何雨昂冰冷的眼神掃過這些足以讓任何收藏家瘋狂的財富,內心毫無波瀾。黃金?不過是密度較高的金屬。古董?不過是附著了些微歷史氣息的舊物。對他而言,其價值遠不如一塊蘊含負面能量的靈魂碎片。

但,對父母有用。

可以解決“租房”這個麻煩。

他意念微動。

唰!

暗室裡堆積如山的幾個大樟木箱子,連同裡面所有的金條、古董,瞬間消失得無影無蹤,被收納進了他那穩定而龐大的隨身空間深處。

做完這一切,他如同逛完了一個無趣的舊貨市場。目光最後落在暗室角落一個不起眼的小鐵盒上。他隨手開啟,裡面是一些房契、地契(都是些偏遠或廢棄的產業),以及幾張泛黃的、寫著日文和中文的銀行票據(顯然已經失效)。他掃了一眼,沒甚麼價值,便不再理會。

回到何家冰冷的土炕上。

何雨昂攤開手掌,一根沉甸甸、黃澄澄的**大黃魚(十兩金條)**,憑空出現在他掌心。冰冷的金屬觸感,在黑暗中散發著微弱的金光。

他看了看熟睡的父母,又看了看掌心沉甸甸的金條。

明天。

讓何大清拿著這個,去把這破院子買下來。

這樣,應該就不會有“漲房租”的麻煩了。

父母應該會高興。

他收起金條,重新躺下。

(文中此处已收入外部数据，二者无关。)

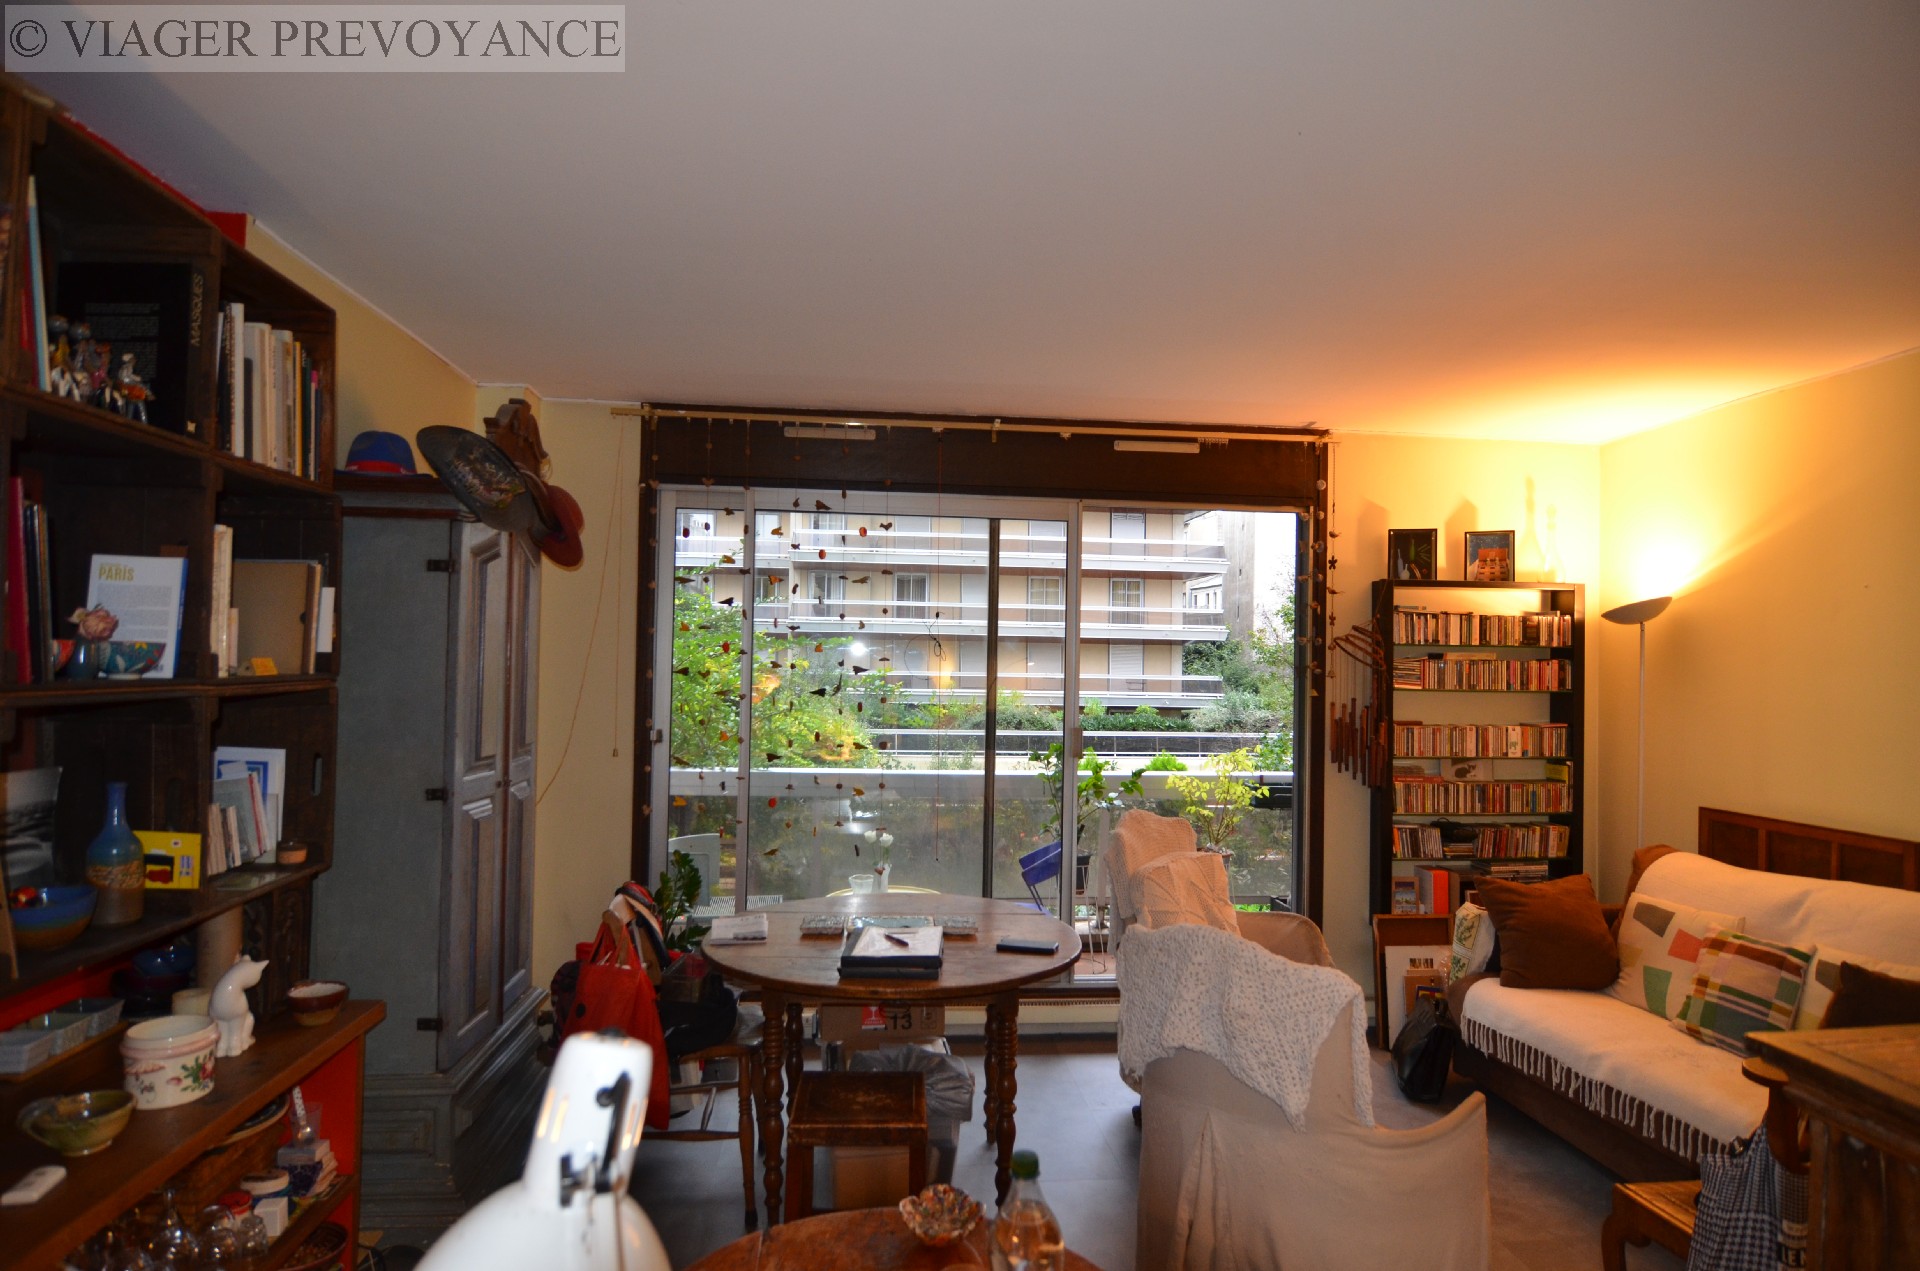 Apartment A property to buy, , 39 m², 2 rooms

冰冷的意識核心,已經在思考下一個“美味”目標的位置。龍夫人?那個護衛?還是梅機關那個叫半條的?都散發著不錯的“氣味”。

窗外,寒風依舊在嗚咽。四合院裡,絕望的氣息還未散去。而何家的破屋下,一根足以買下十座這樣四合院的金條,正在等待天明。